You can buy a 38, 40 or 42T ring for the inner position and a chain guard for the outer position for your 110 BCD cranks. Depending on the terrain and your cogset, you may try just replacing the outer ring with a guard and running the 36. Available at many places such as cyclocrossworld dot com. dave


----------



## Dan Gerous (Mar 28, 2005)

I finished my first cross season yesterday, 2x10 but I think I'll go 1x10 for next fall. I'm geared with road compact rings (34/50, I use my cross bike to train, to do group rides and even entered a few road races so I need a bigger chainring than what a single ring for cross would be) and I'm obviously too between rings with those when racing cross, I'll probably get a 40 or 42 with a 11-27 or 11-28 cassette but that's all depends of when/if I get a dedicated road bike. I'm a big fan of elimitaing front shifts. I'm converting my mountain bike to a 1x10 too.


----------



## colinr (Nov 20, 2006)

So if the OP is running a 36/46 and doesn't use the 46 enough... just use a smaller big ring. Don't have to go to a single. Run a 36/44 or 36/42.

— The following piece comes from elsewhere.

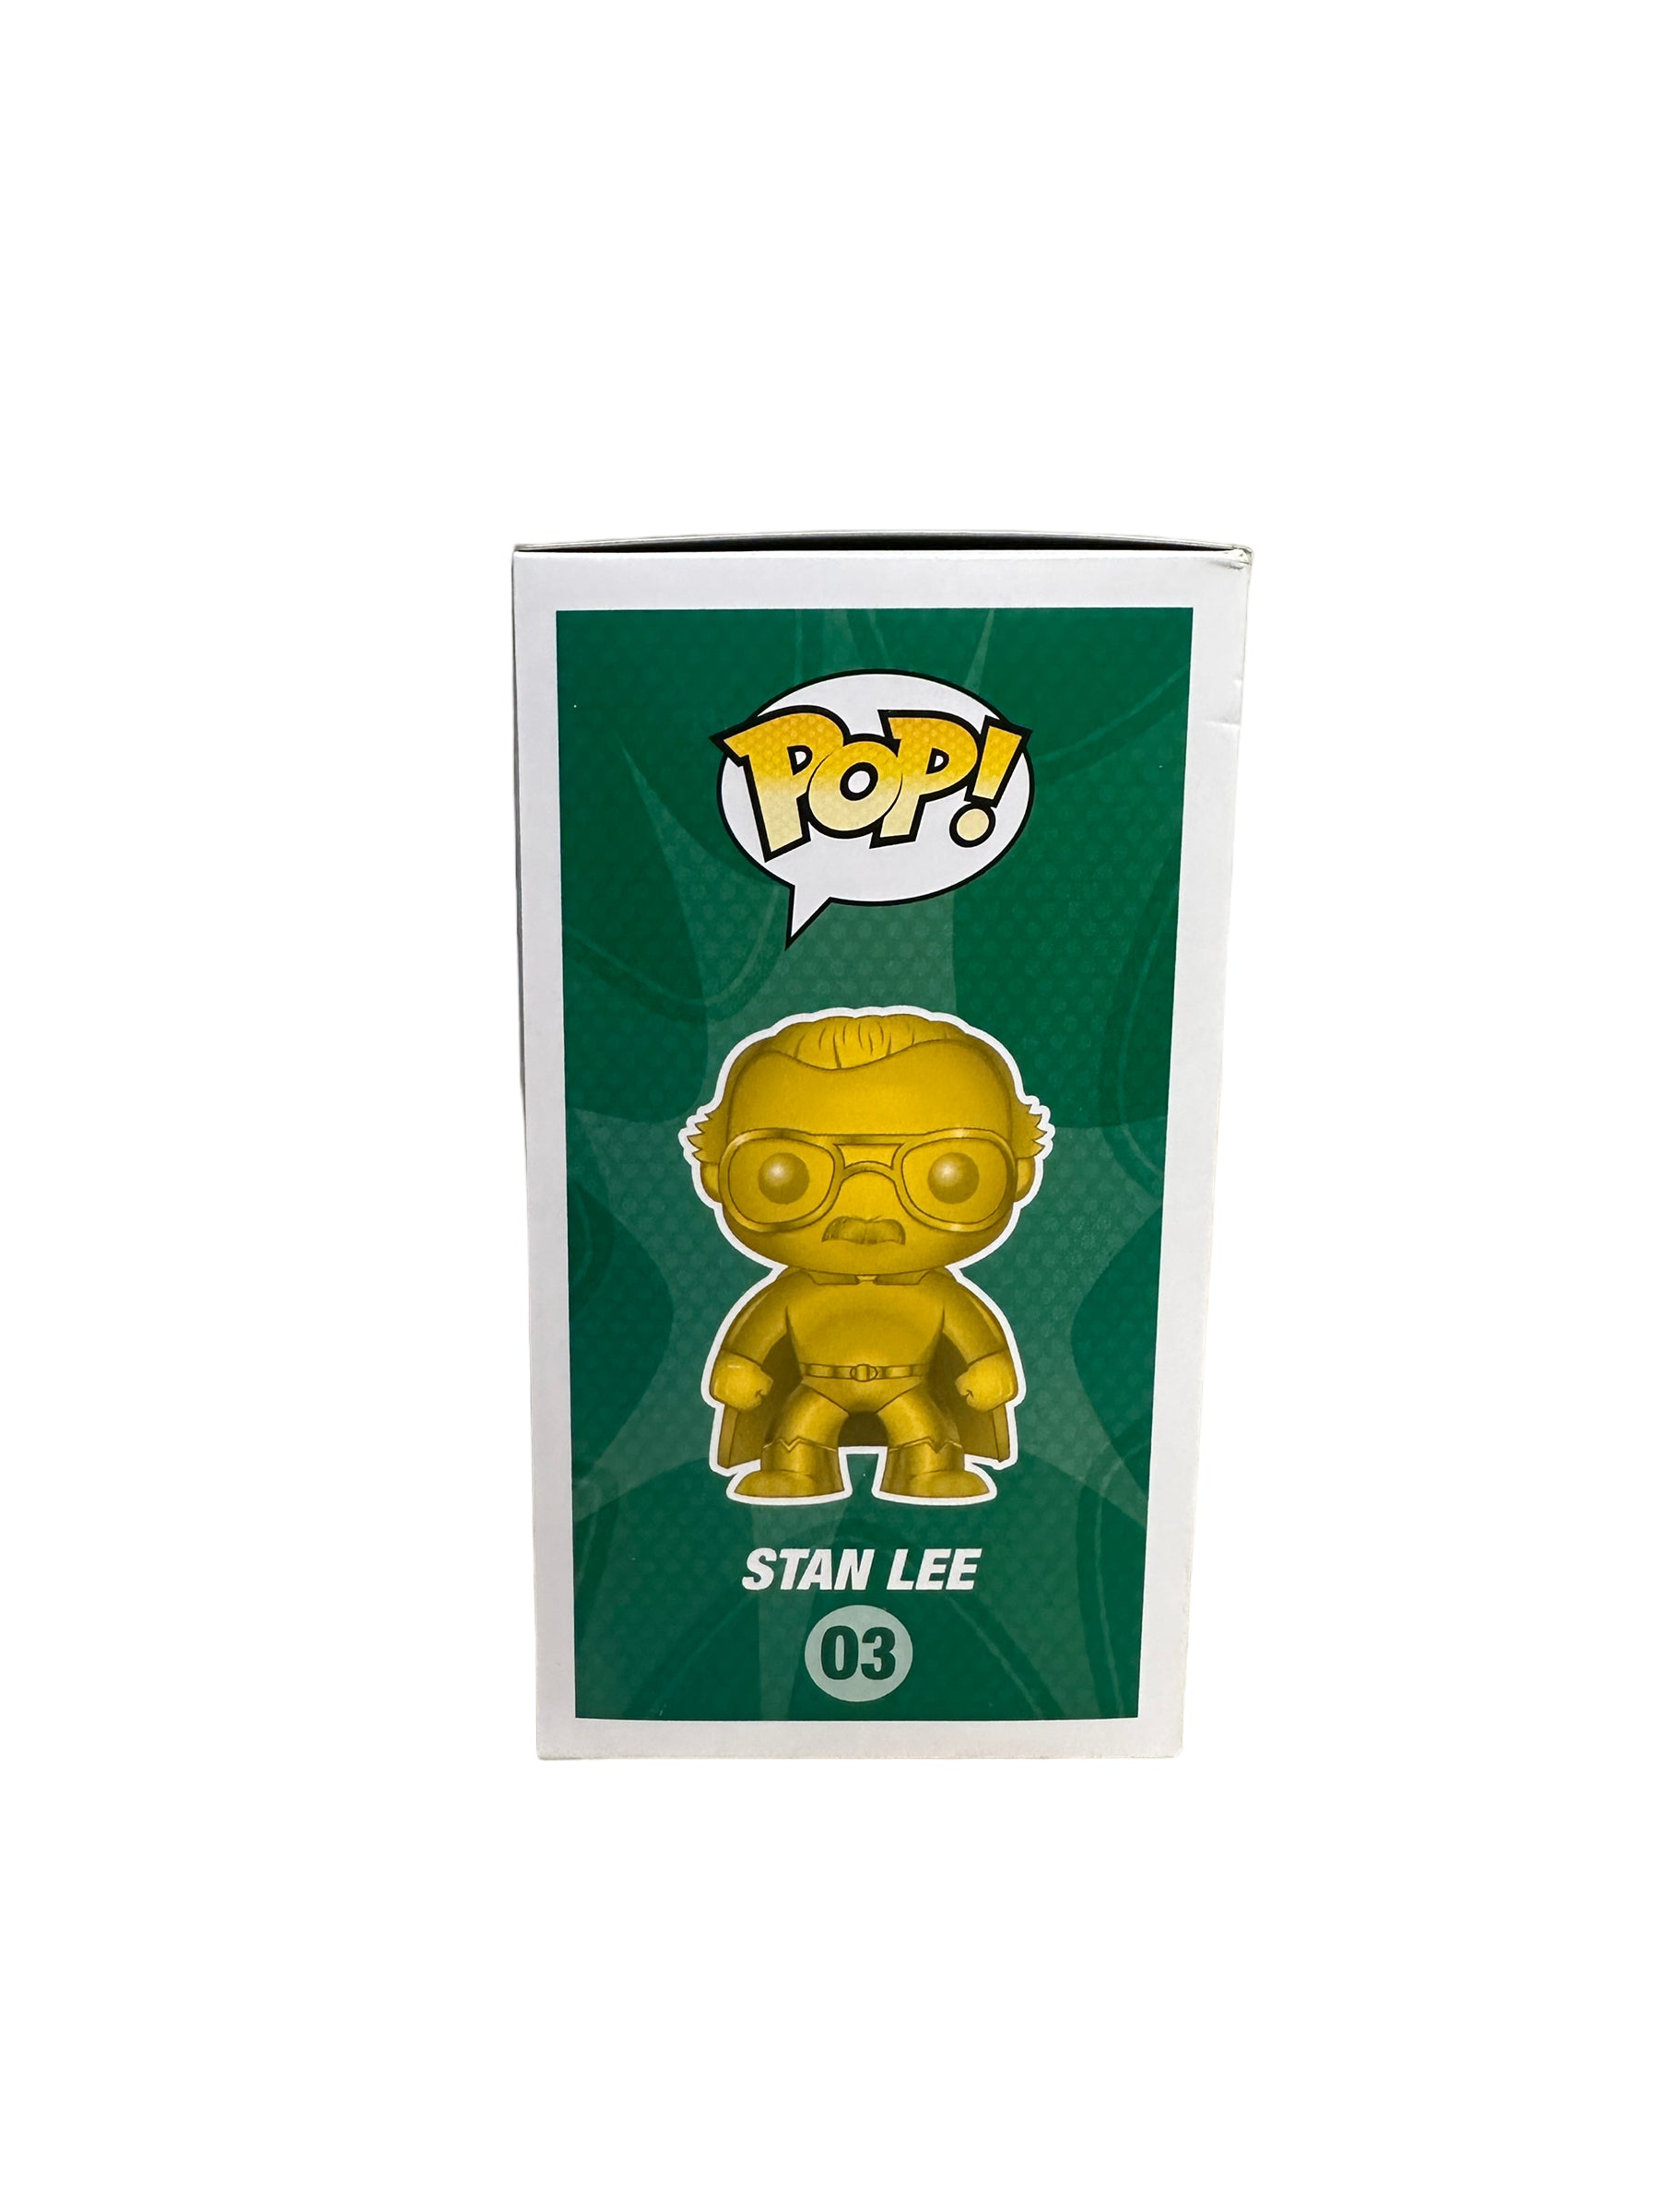 Stan Lee #03 (Superhero Gold) Funko Pop! - Stanleecollectibles.com Exclusive - Condition 7.5/10

For the guy who called 140 rpm "real sprint cadence"... dude we're not track sprinters here. With legs full of lactic after 45-60 mins, I get my best torque/watts at 90 rpm. 42x12 at 90 rpm is NOT sprint-winning speed for me. YMMV.


----------



## GearDaddy (Apr 1, 2004)

I've been using a single ring setup with a 42T, outer chain guard, and 3rd-eye chain watcher for the last 3 years, and I'm quite happy with it. I switched from a double to a single because I had one too many times where the chain came off with the double setup during a race. Since running the single ring setup, I have had absolutely zero problems with my drivetrain in those 3 years.

For just a couple races where there was a pretty steep but rideable hill, I switched out to a 38T chainring. Otherwise a 42T with a 12-25 or 13-26 (I'm running 9-speed Campy) has worked great.

As far as training, I just keep CX tires on and the gearing works just fine. I've discovered that the most effective CX training for me is to do relatively short workouts (i.e. 1 to 2 hours) where I ride at a pretty intense pace on a mix of trails, roads, paths, and do "hot laps" at a local park where I can include some runups, dismounts, and such. I did hardly any road bike rides at all this fall and I've had as good of results as ever. I see no need to do 3+ hour road rides, much less do any sprint workouts.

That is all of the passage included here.